Group | Identical to Gesture | Related to Gesture | Identical to Speech | Other |
---|---|---|---|---|
Amnesic | 0.53 (9/17) | 0.12 (2/17) | 0.24 (4/17) | 0.12 (2/17) |
Healthy | 0.32 (47/149) | 0.07 (11/149) | 0.48 (72/149) | 0.13 (19/149) |
BDC | 0.38 (12/31) | 0.03 (1/31) | 0.45 (14/31) | 0.13 (4/31) |
Results
We first analyzed the total number of features accompanied by supplementary gesture that participants retold in speech by group. With two supplementary gestures per narrative (4 narratives), there was a total of 8 possible features that could be expressed in speech in their retellings. The comparison groups performed well, with healthy comparison participants retelling 7.45 (SD = 0.69) and brain-damaged comparison participants retelling 7.75 (SD = 0.50) features, on average (Figure 3). Patients with amnesia retold only 4.25 (SD = 1.50) features, on average. The HSE patient retold 5 features, while the three anoxic patients retold 6, 3, and 3, respectively
We assessed the difference in likelihood of reporting a feature in speech with a logistic mixed effect regression model. We included a fixed effect for group with random by-subject and by-narrative intercepts. The healthy comparison group served as the reference group. As can be seen in the overall height of the bars in Figure 3, patients with amnesia were significantly less likely to retell features in speech than the healthy comparison group (B = −2.71, z = −5.23, p < .001). Brain-damaged comparison participants were not significantly different in their likelihood to retell features relative to the healthy comparison group (B = 0.85, z = 0.80, p = 0.42).
We next examined the categories assessed by our coding system to determine whether information from the gesture was present in the spoken retellings. Healthy and brain-damaged comparison groups produced features containing words that were identical or related to the information present in gesture 39% and 41% of the time, respectively, while patients with amnesia produced features containing words that were identical or related to the gesture 65% of the time that they recalled the feature (Table 1; this information is also visible in Figure 3).

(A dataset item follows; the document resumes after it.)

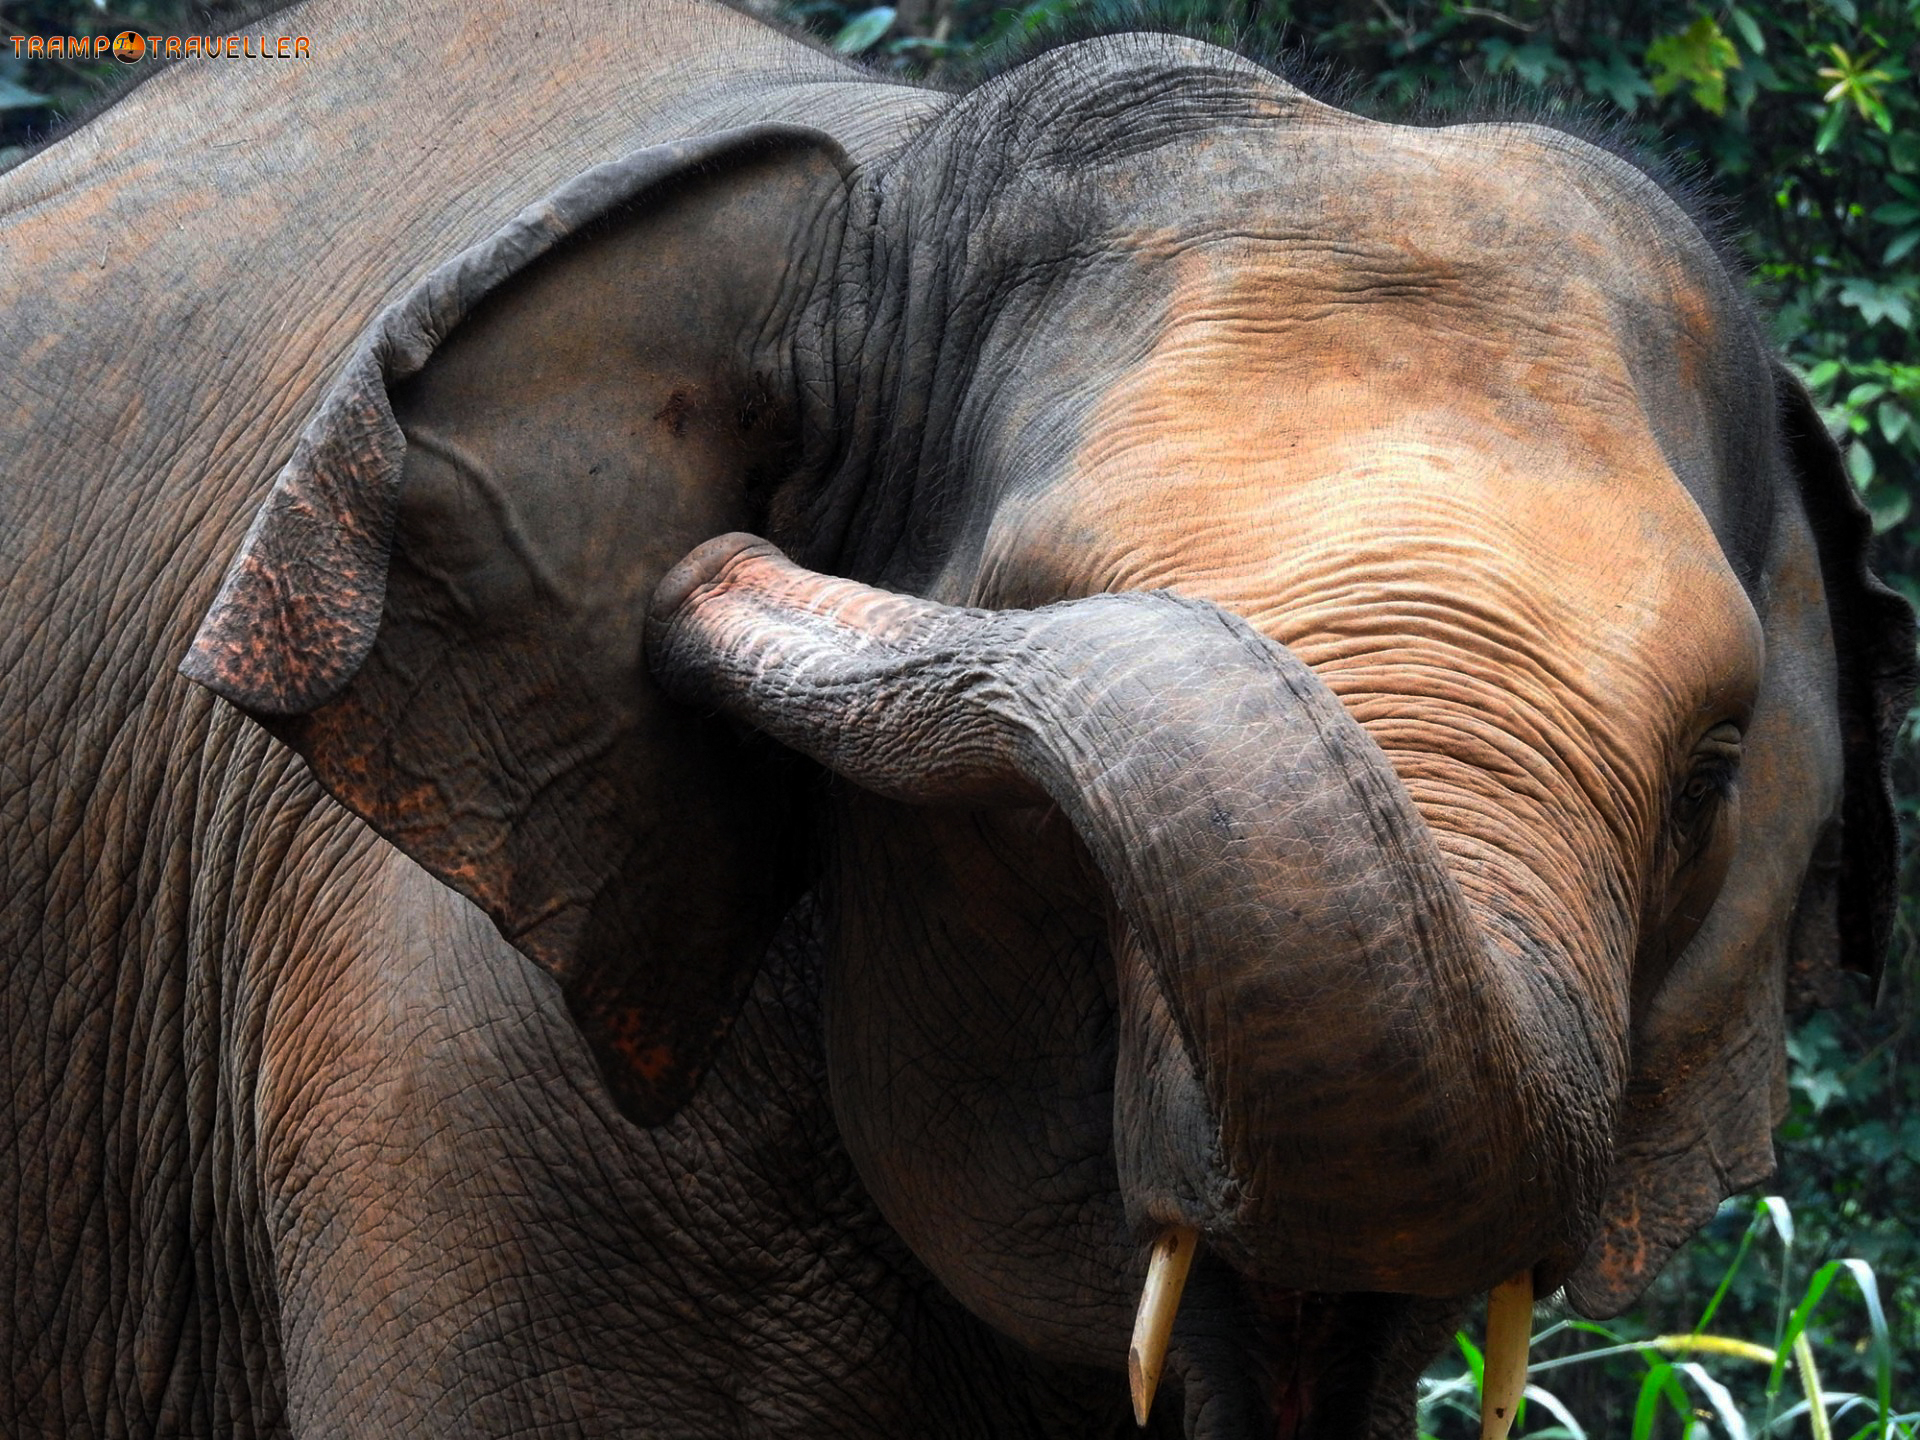 Abhayaranyam Eco Tourism Elephant Centre View

To analyze this, we used a logistic mixed effect regression model that predicted the likelihood of a retold feature containing information that was present only in gesture (1) over information present in speech (0). There was a fixed effect for group (with healthy comparisons serving as the reference group) and random by-participant, by-feature, and by demographically-matched participant pair intercepts. Patients with amnesia were significantly more likely to include supplementary information from gesture in their retellings than healthy comparison participants (B = 1.29, z = 1.968, p = .05). This same effect was not significant for the brain-damaged vs. healthy comparison groups (B = 0.17, z = 0.35, p = .72).
Discussion
Patients with amnesia successfully integrated supplemental information from gesture into their representation of the narrative that they viewed. Despite retelling significantly fewer features than comparison groups overall, their speech was more likely to contain information that was present uniquely in gesture than healthy comparison participants. This suggests that, despite its role in both encoding and retrieving multimodal memory representations, the hippocampus is not required for the integration of information in gesture with information in spoken language over short timescales.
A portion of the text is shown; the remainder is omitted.